Here, Angelique relocates and recruits Zal to help her capture arch-baddie Simon Darcourt (who previously appeared in `A Big Boy Did it and Ran Away, together with Angelique). Zal and Angelique put their unresolved love affair on hold as they pursue Darcourt, who is capturing celebrity after celebrity and killing them in his own bizarre version of a reality TV show. She also has a special vested interest in apprehending him that I won't give away.

Halfway through this book I actually thought Christopher was trowelling on the satire too heavily, taking pot shots at too many easy targets: crap racist 70s comedians, gold-digging WAGS, reality TV, manufactured teen bands, splenetic right wing newspaper columnists. And some of these had already been covered by Ben Elton in `Dead Famous' and `Chart Throb'. But I have to say I was then bowled over by an excellent bit of misdirection - pure Jeffrey Deaver in execution - and was later actually punching the air and grinning from ear to ear at the audacity of later examples of his legerdemain.
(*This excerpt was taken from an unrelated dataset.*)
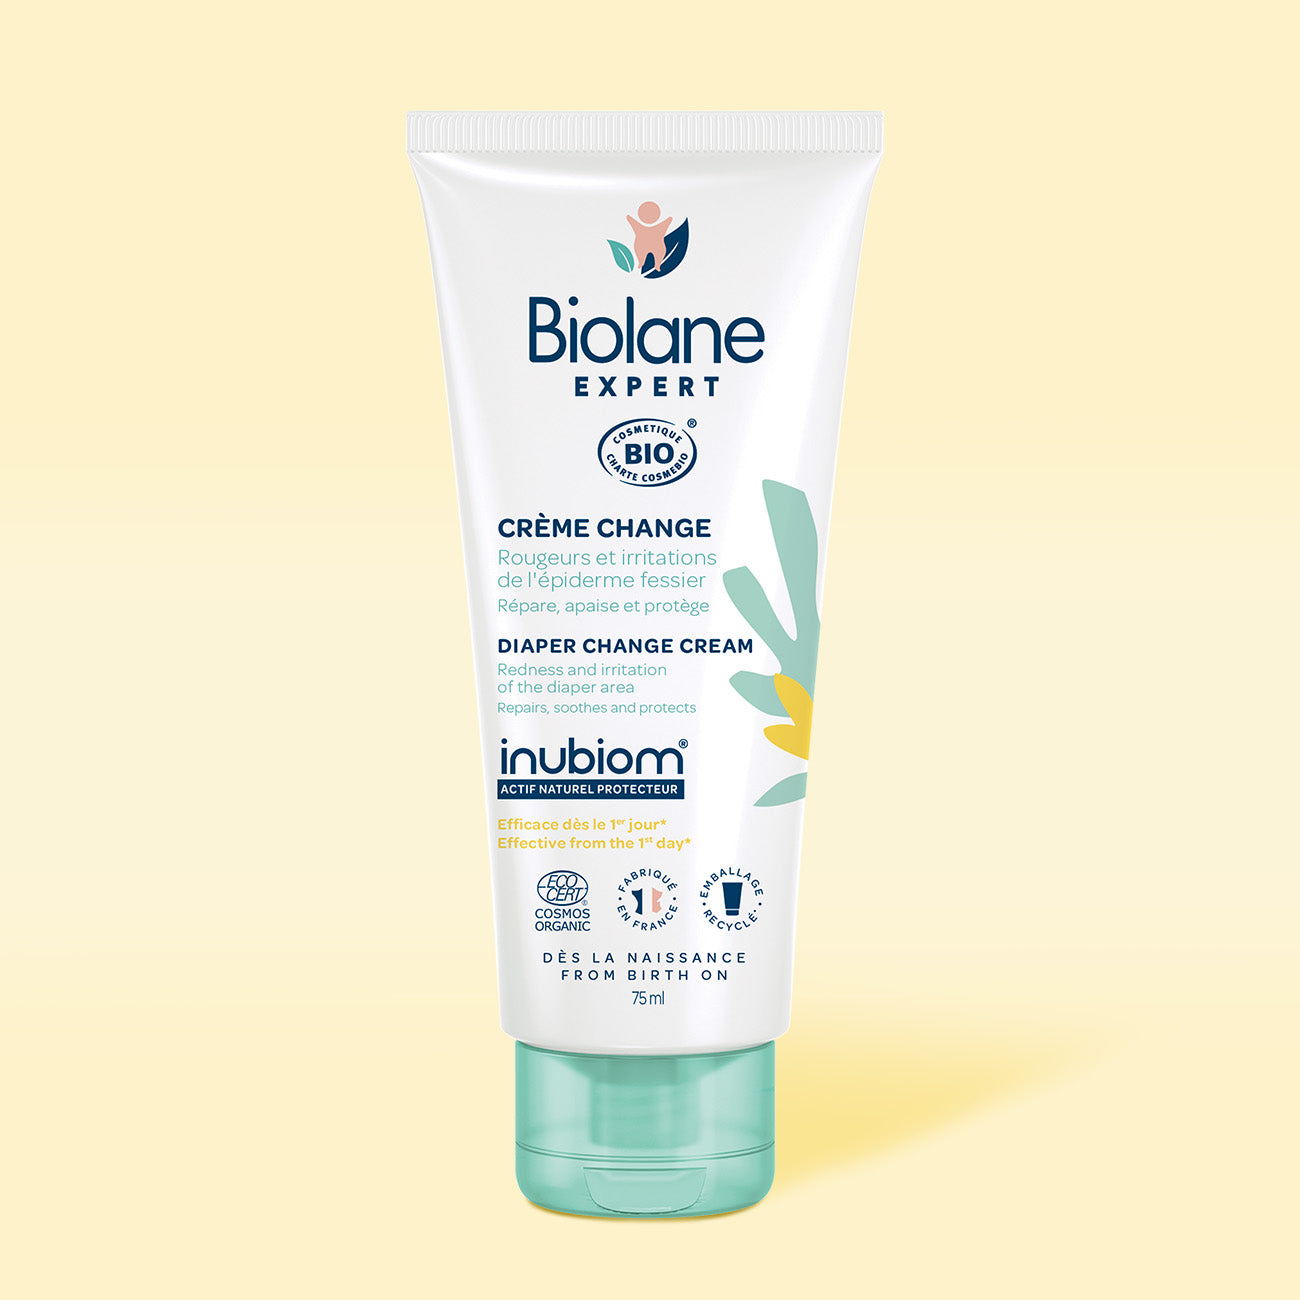 BioLane Tunisie on Instagram: La crème change Biolane protège l
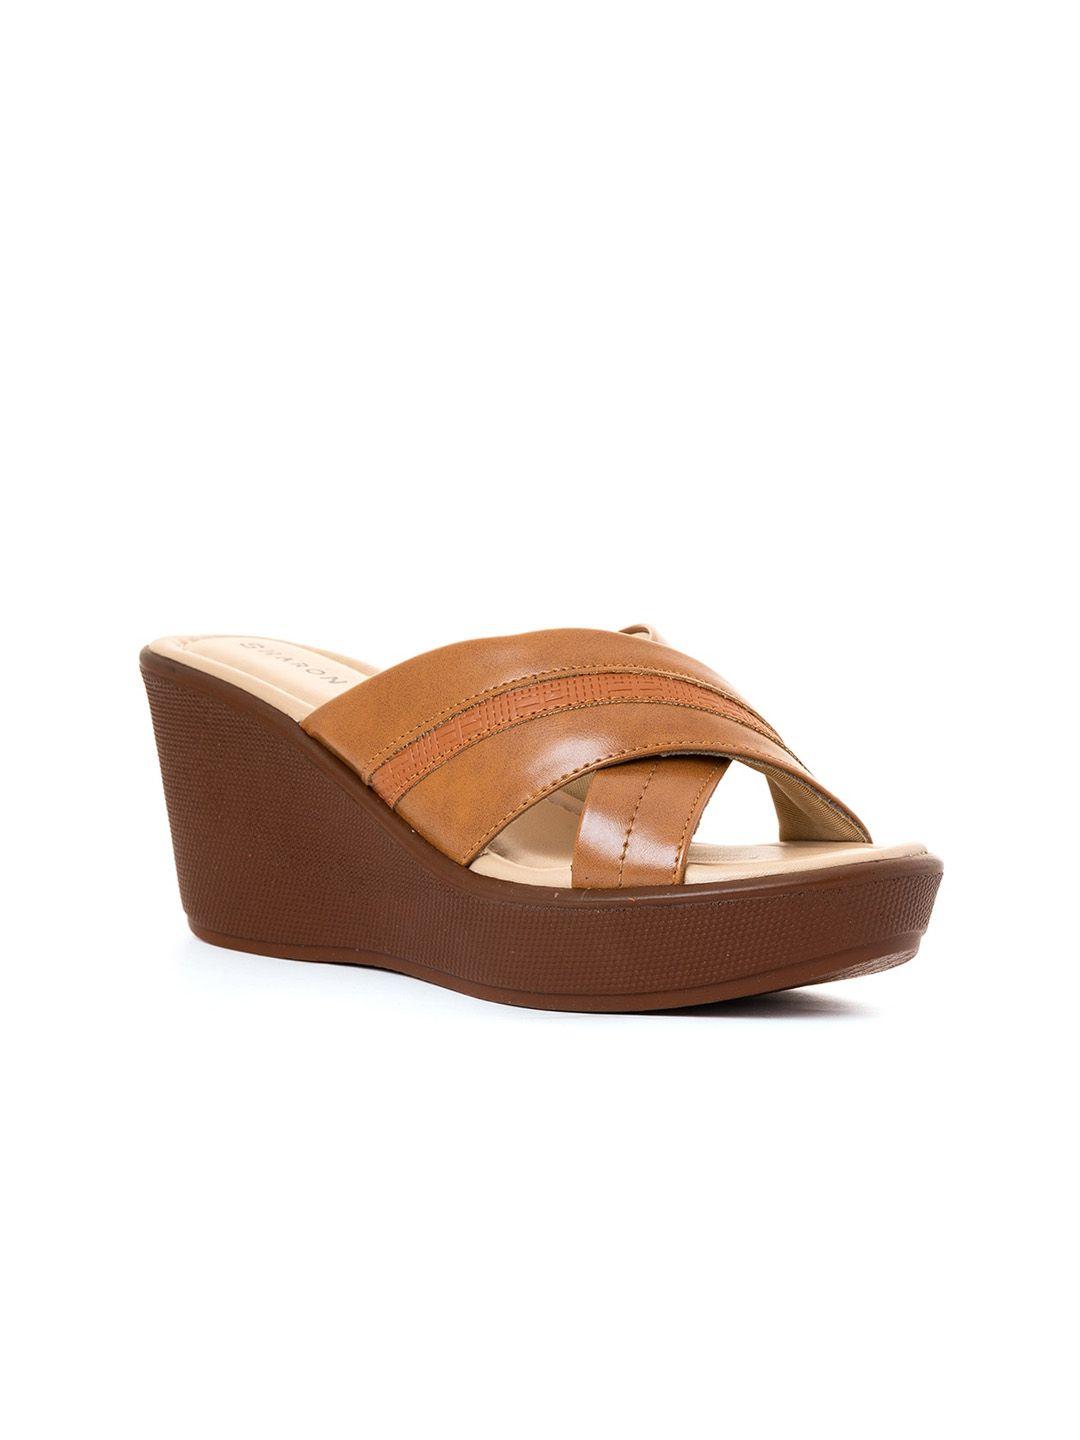 khadims women tan & brown solid synthetic wedge heels

It goes without saying that there are several hilarious passages, and that Christopher is 1000% more caustic than Ben Elton, or the other writer he's often compared to, Florida's own moral guardian, the great Carl Hiaasen.

`A Snowball in Hell' is a high-octane mix of thriller, satire... and love story, the latter proving that CB has a heart beneath his curmudgeonly exterior. It is also quite superb and right up there with the very best of his books. And as I mentioned earlier, the plot twists are breath-takingly good.

Recommended highly to all lovers of crime thrillers, satire, humour, and indeed anyone in general who likes a good read. However, one word of warning: you don't necessarily have to have read either of the two CB titles I mentioned above, but I recommend you do otherwise you may find the first 20-30 pages, and a few later plot references, a touch difficult to follow.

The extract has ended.